200300180/1.
Datum uitspraak: 6 augustus 2003
AFDELING
BESTUURSRECHTSPRAAK
Uitspraak op het hoger beroep van:
[appellant], wonend te [woonplaats],
tegen de uitspraak van de rechtbank te 's-Hertogenbosch van 28 november 2002 in het geding tussen:
het college van burgemeester en wethouders van Boekel.
Bij besluit van 10 augustus 2001 heeft het college van burgemeester en wethouders van Boekel (hierna: het college) een verzoek van appellant om schadevergoeding afgewezen.
Bij besluit van 24 september 2001 heeft het college het daartegen door appellant gemaakte bezwaar ongegrond verklaard.
Bij uitspraak van 28 november 2002, verzonden op 29 november 2002, heeft de rechtbank te 's-Hertogenbosch (hierna: de rechtbank) het daartegen door appellant ingestelde beroep gegrond verklaard, dat besluit vernietigd, het gemaakte bezwaar niet-ontvankelijk verklaard en bepaald dat deze uitspraak in de plaats treedt van het vernietigde besluit. Deze uitspraak is aangehecht.
Tegen deze uitspraak heeft appellant bij brief, bij de Raad van State ingekomen op 8 januari 2003, hoger beroep ingesteld. Deze brief is aangehecht.

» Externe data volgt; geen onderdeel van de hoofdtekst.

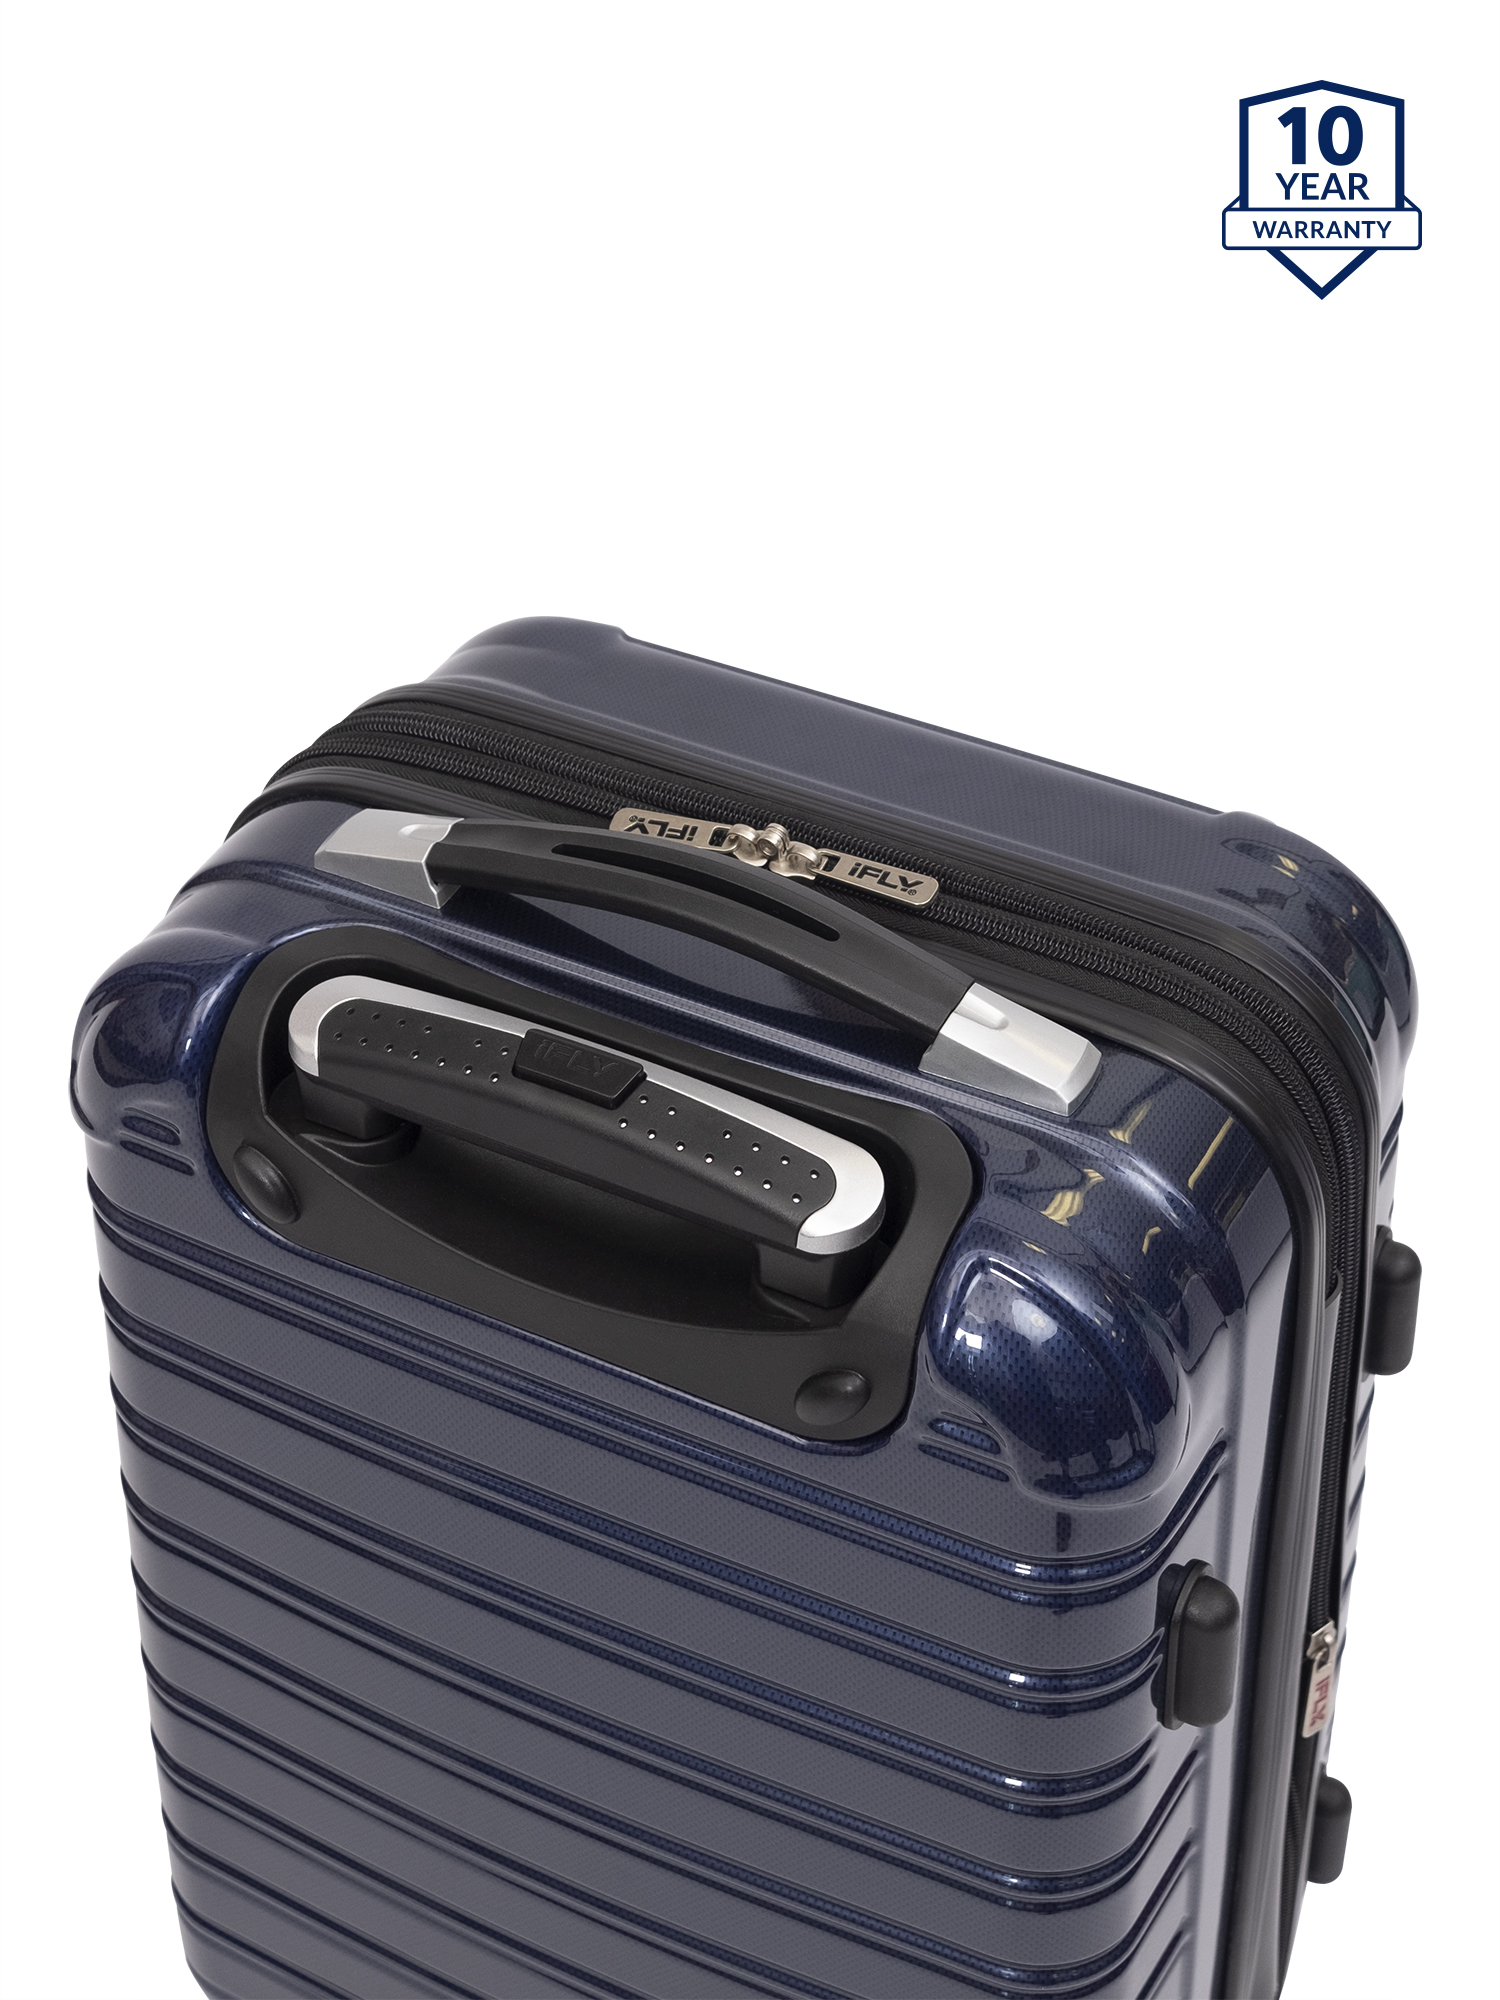 iFLY Online Exclusive Hard Sided Luggage Fibertech 20" & Travel Case - image 3 of 9

Bij brief van 17 maart 2003 heeft het college van antwoord gediend.
De Afdeling heeft de zaak ter zitting behandeld op 14 juli 2003, waar appellant, in persoon en bijgestaan door [gemachtigde], en het college, vertegenwoordigd door drs. ing. F.W. Bello, ambtenaar der gemeente, zijn verschenen.
2.1. Volgens vaste jurisprudentie (bijvoorbeeld uitspraak van de Afdeling van 1 juni 2001 in zaak no. 200001480/1, aangehecht ter voorlichting van partijen) kan de bestuursrechter slechts van het beroep tegen een beslissing op een verzoek om schadevergoeding kennisnemen, indien die rechter ook kan oordelen over het beroep tegen de uitoefening van de publiekrechtelijke bevoegdheid, waardoor de schade zou zijn veroorzaakt.
2.2. Appellant heeft het verzoek gegrond op brieven van het college van onderscheidenlijk 28 februari en 20 maart 2001. De rechtbank heeft met juistheid overwogen dat deze brieven geen op enig rechtsgevolg gericht besluit bevatten, maar slechts aankondigingen daarvan. In het bijzonder is daarvoor van betekenis dat in de brief van 28 februari 2001 is vermeld: “Alvorens te besluiten tot de toepassing van bestuursdwang” en dat in de brieven van 20 maart 2001 wordt gesproken van een vooraankondiging en aan appellant de gelegenheid wordt geboden om zienswijzen in te dienen. Dat de brief van appellant aan het college van 1 maart 2001, naar deze stelt, moet worden aangemerkt als een bezwaarschrift tegen de brief van 28 februari 2001, kan daaraan niet af doen.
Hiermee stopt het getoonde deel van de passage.